About 60% of residential customers served by Arizona Public Service have adopted a voluntary time-of-use program, according to Leland Snook, the company’s director of rates and strategy. The peak rate is about 24 cents a kWh and the off-peak 10 to 11 cents a kWh.
Households with low electricity consumption – 600 kWh a month or less – can opt for a flat rate of 11 cents a KWh plus a $10 monthly service charge.
Xcel is not proposing time-of-use specific programs for low-income customers, though it does have a low-income bill assistance program and contributes $5 million to EOC, which helped 60,000 Xcel customers with their bills last year.
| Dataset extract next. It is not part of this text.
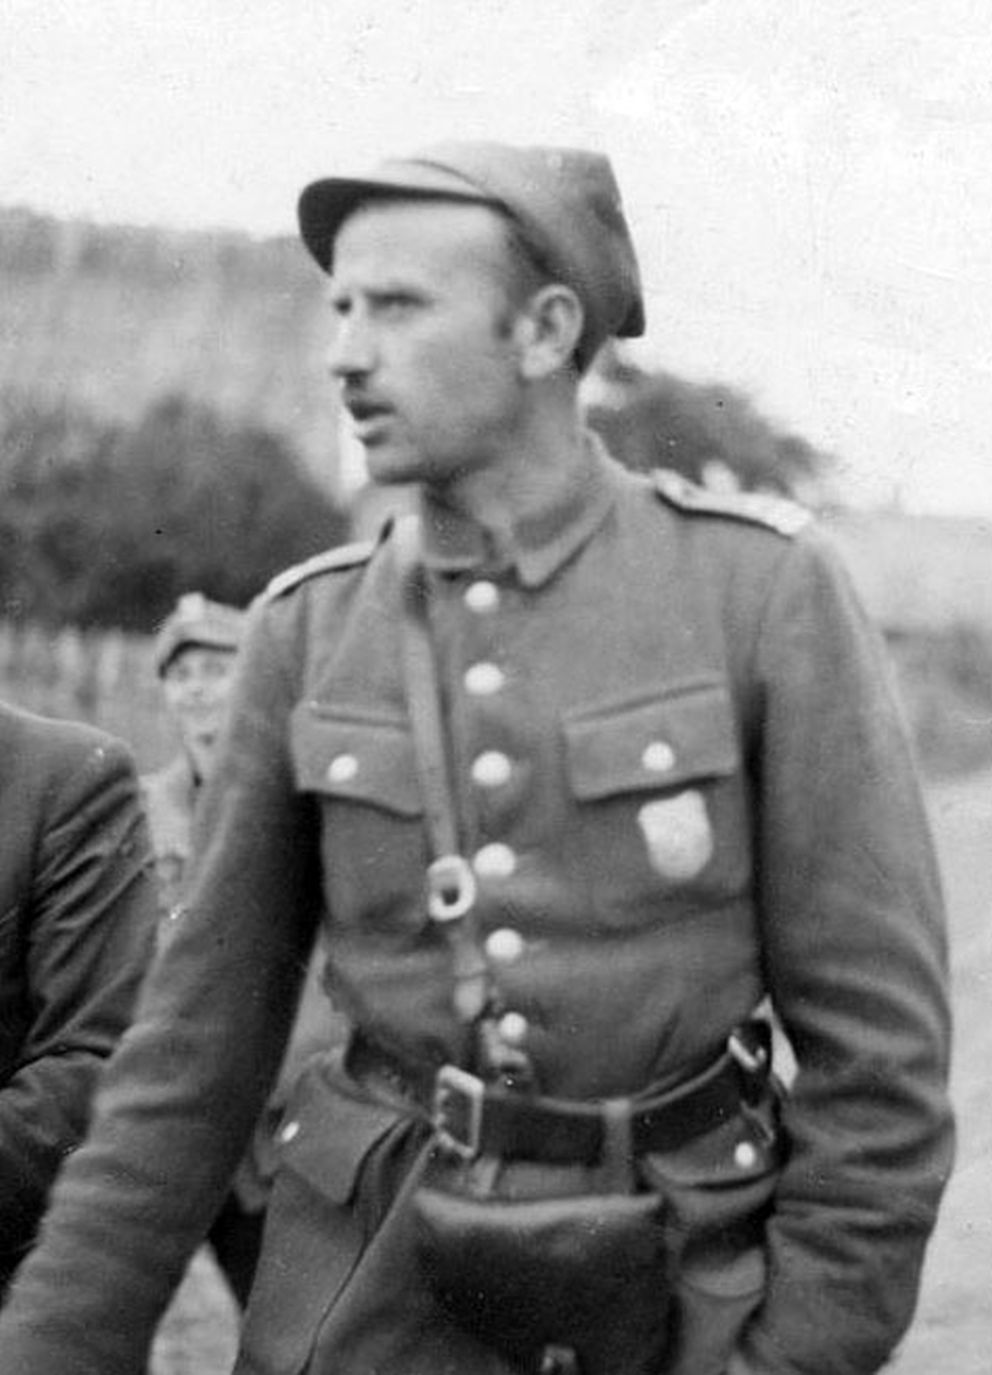 mjr-zygmunt-szendzielarz-upaszka-i-5-brygada-wile-ska-ak-w-1945
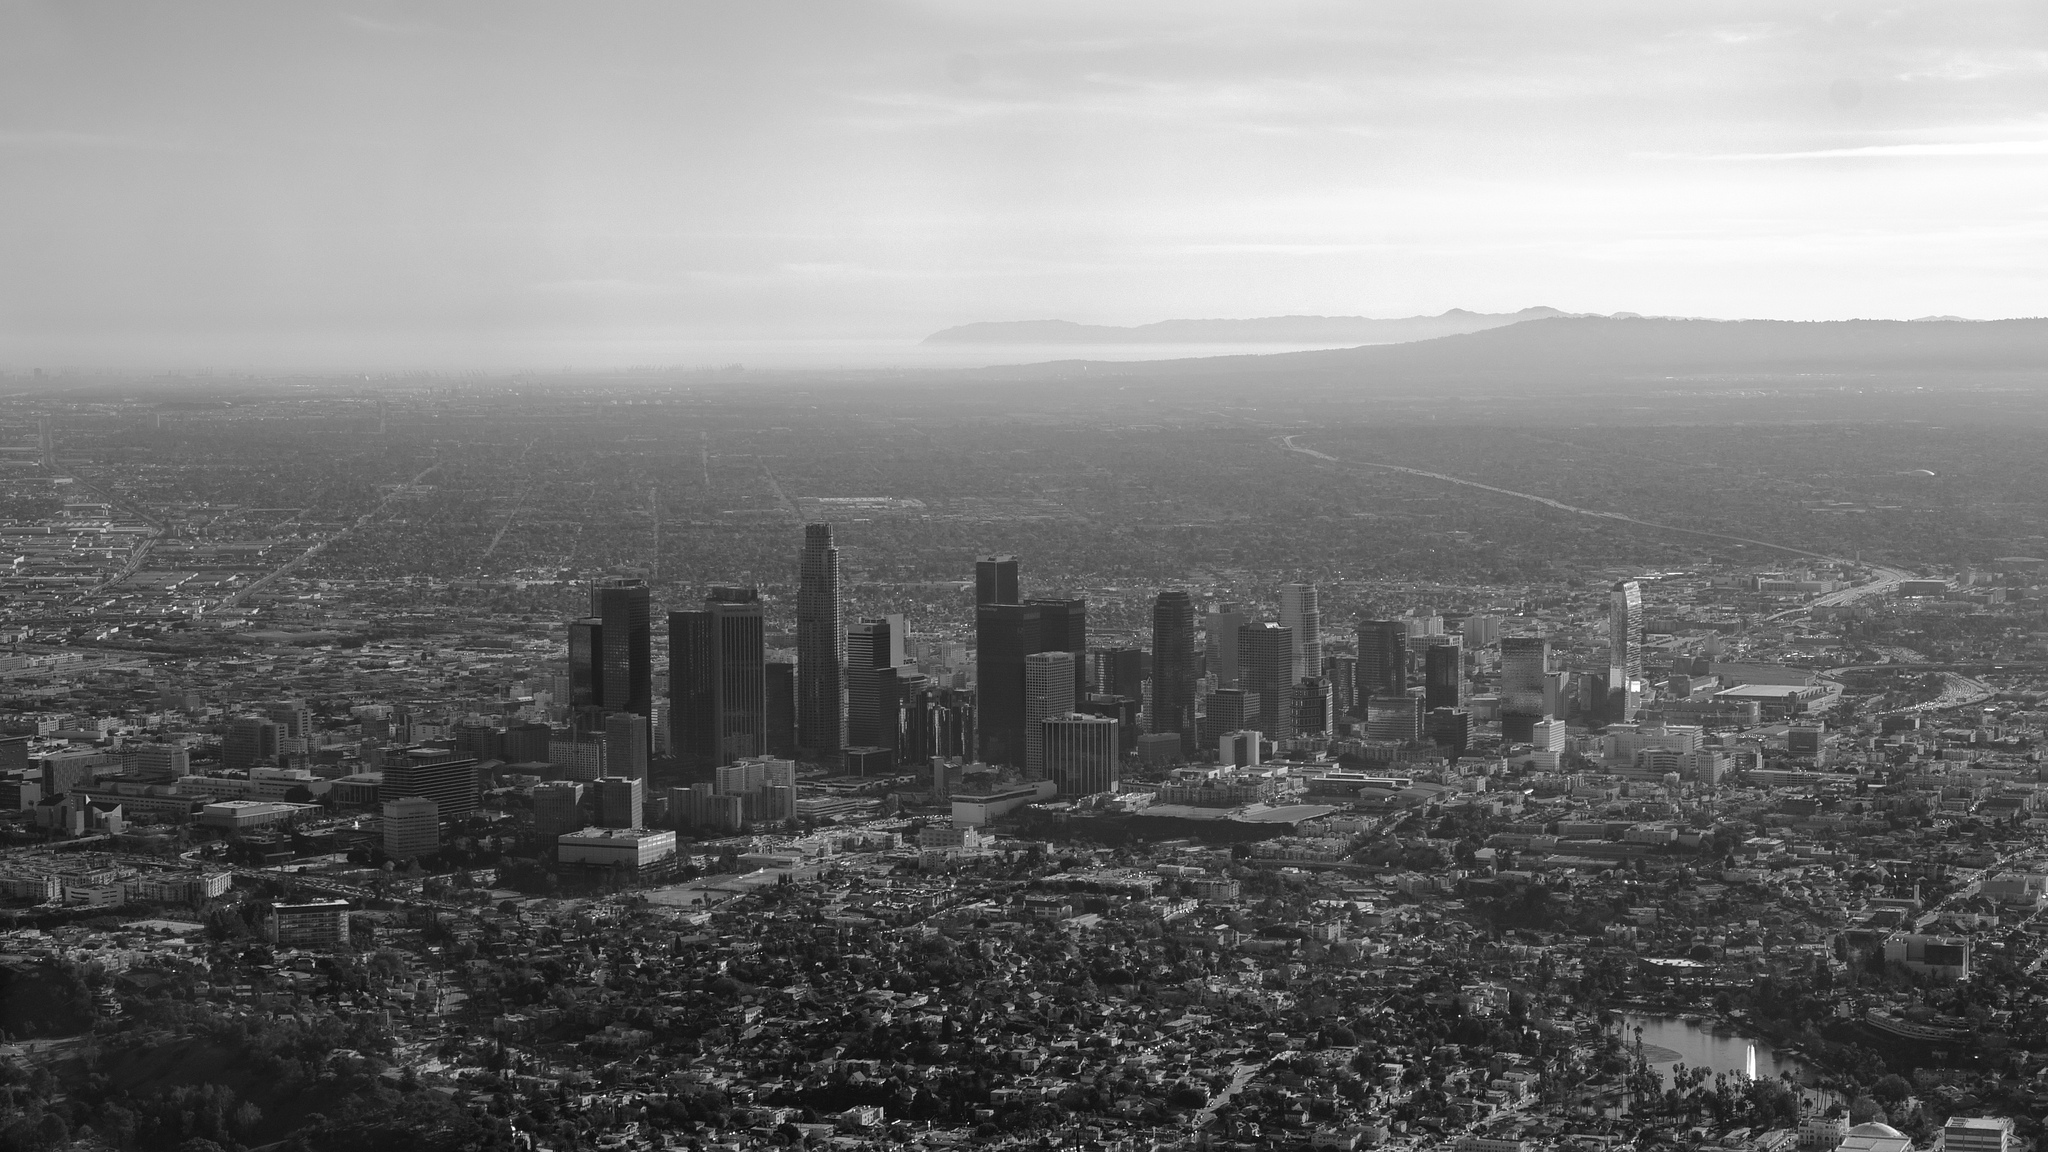 Скачать обои бесплатно Города, Лос Анджелес, Сделано Человеком картинка на рабочий стол ПК

It also has a special rate for low-income customers with documented medical conditions that need to operate medical devices at home. Other utilities have similar programs.
The PUC is scheduled to hold public hearings on Xcel’s proposal in April in Denver and Grand Junction, and full evidentiary hearings have tentatively been set for June.
“We want to ensure the residential class as a whole would benefit,” said Brooke Trammel, Xcel regional vice president for rates and regulation. “This is a robust process at the commission, and I am sure there will be a dialogue on all the issues.”
Both Energy Outreach Colorado and the consumer counsel have intervened in the case. “We have to do something to manage the peak and if you want to have 20,000 EVs in Colorado you have to have incentives to charge at night,” Schonhaut said. “We just want to be sure the most vulnerable consumers are protected.”
UPDATE: This file was updated at 12:03 p.m. on Feb. 20, 2020, to clarify who qualifies for Fort Collins’ low-income energy assistance program.